Jessica was always so warm to hold. Her last ten days she spent in the ITC Intensive care unit at St George’s, just as her life had started nearly a year earlier just as warm, and we watched her intently not knowing if she was going to make it through, if we would get another chance to have and to hold her again, or if we would see again at our home and see her grow old.
The doctors knew that it had been a rollercoaster journey of discovery and of soul breaking news every day, and perhaps they wondered if we had pieced together all of the many bits of information to help us realise that everyone of her separate ailments were not individual battles that needed overcoming, but that she was life limited and that was the main battle we had to come to understand, despite all the hopes we had for our daughter to come home and have a normal life as we would hope.

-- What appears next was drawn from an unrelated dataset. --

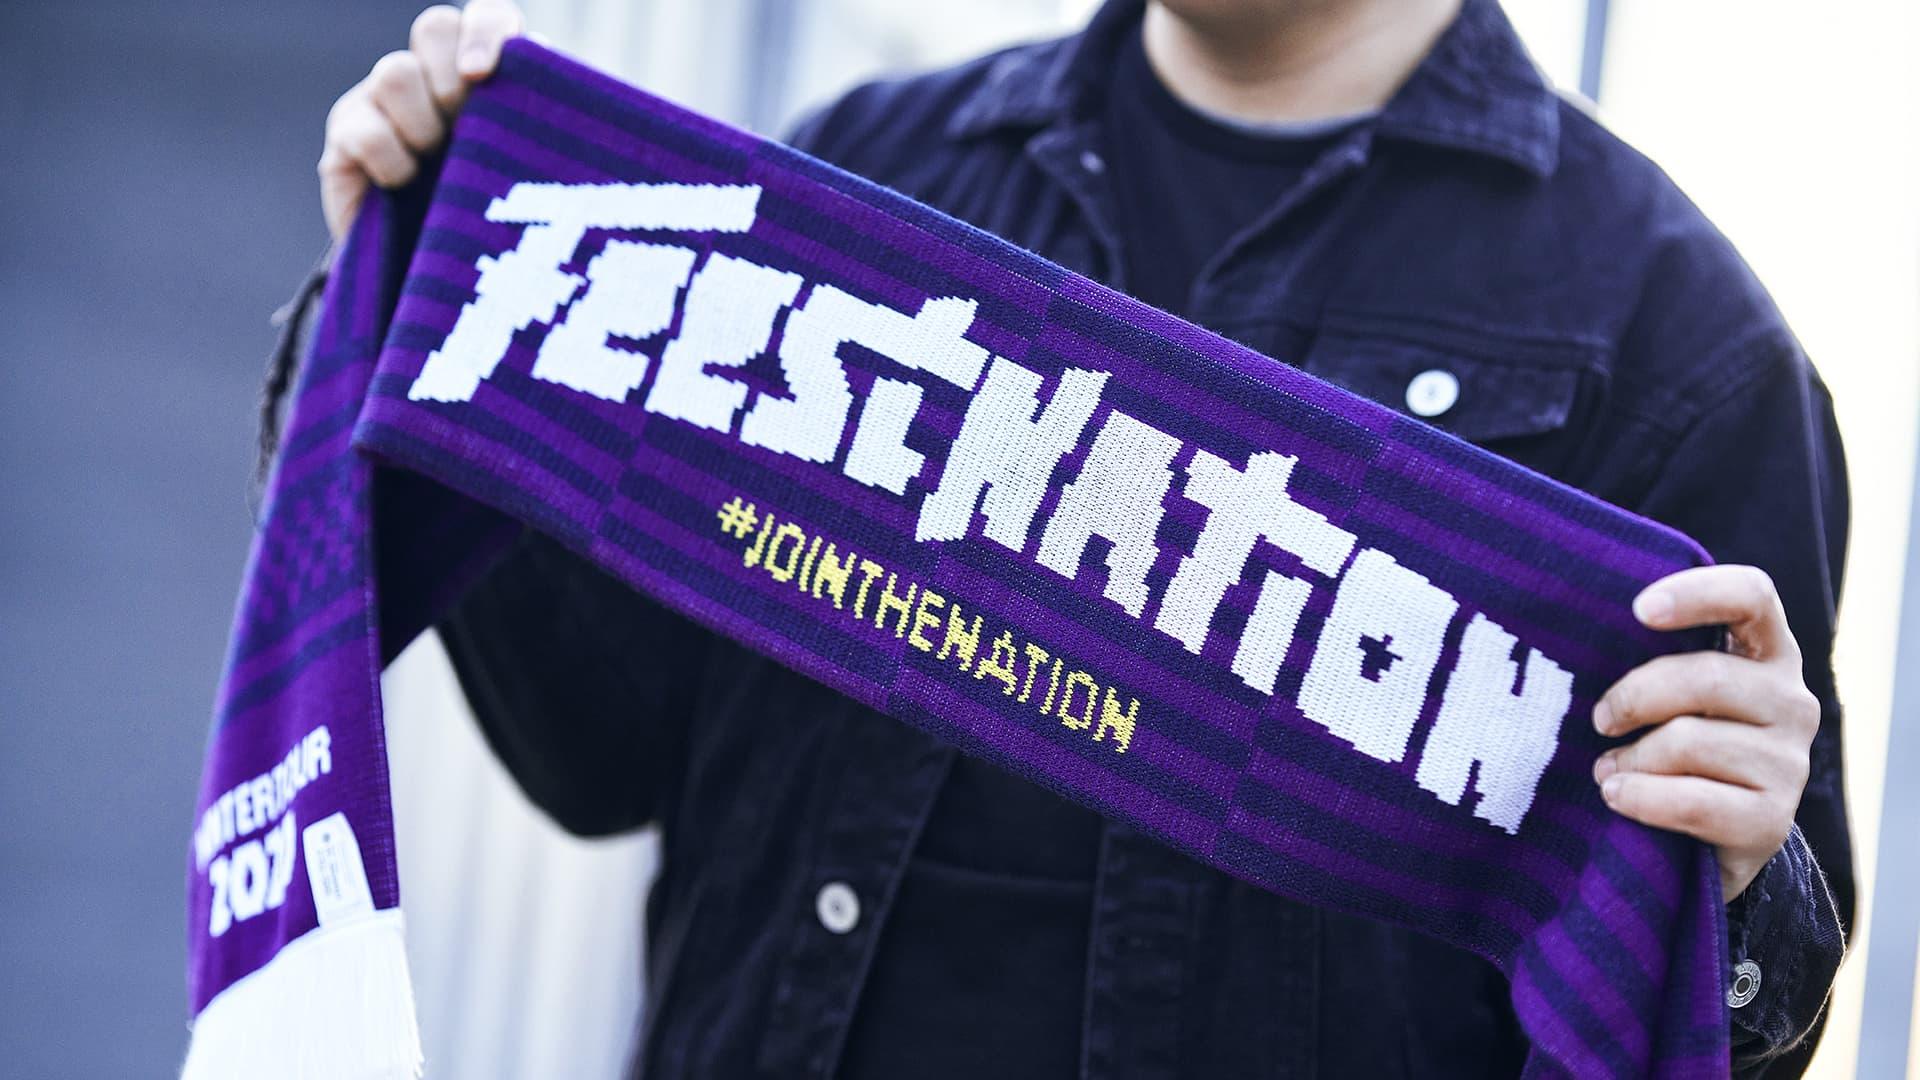 Feestnation_wintertour-2020-01

On November 28th they convinced us to let them give Jessica an MRI scan, which we consented to despite all the tubes and the life support machine that she was connected up to, and then we waited. She had been failing gradually every day and she needed more and more to keep her going, but she was on the downwards spiral. I remember the doctors asked us if we wanted anyone with us when they were going to consult with us on the results of the MRI scan and we called everyone of our siblings and our parents too, and a little while later we were all gathered into a room, for a doctors- family meeting the likes of no other, except perhaps the ones you see in the movies but rarely believe, and they showed us the scan results, and in particular a part of Jessica’s brain where it is said that regulates the body’s temperature, was not properly formed, and that even in the unlikely scenario that she could somehow make it back off life support, that she was only going to deteriorate and continuously suffer.
As we left the room, other doctors rushed us back to her bedside as she was starting to fail ever more quickly, and then they asked us the question you never want to hear. ‘Do you want us to take her off life support and free her from all of the tubes so that she can die with dignity?’
I remember Katherine looking at me, and me in an instant having to decipher what her expression might really mean, and then having to make the decision for the two of us, knowing what between us we had silently understood, and with my heart nearly bursting out of my chest I gave them the nod, to free our baby Jessica from all of the things holding her from us, to once again have and to hold her, and to watch her die peacefully in our loving arms, and we held her and kissed her with tears rolling freely, listening out for her tiny heartbeat until her raging warm body started at last to grow cold, and that was the last chance we had to hold her and our hopes to watch her grow old, grew cold.
I wonder about her in heaven, and if she is seventeen now and continuously growing, or if she now will never grow old, and if she’s still in the arms of her mother, or bigger now and stood at her side holding hands, and if they are as warm as I remember, but it doesn’t help one way or another. I can’t imagine what it would be like to have a conversation with her if she is now seventeen and continuously growing, neither can I believe she is a still a baby soul all these year but maybe I was wrong and some babies do stay tiny forever, all I can remember for sure is what my hopes for us all where and what it felt like to hold her, and it’s a memory that never feels old or ever grows cold.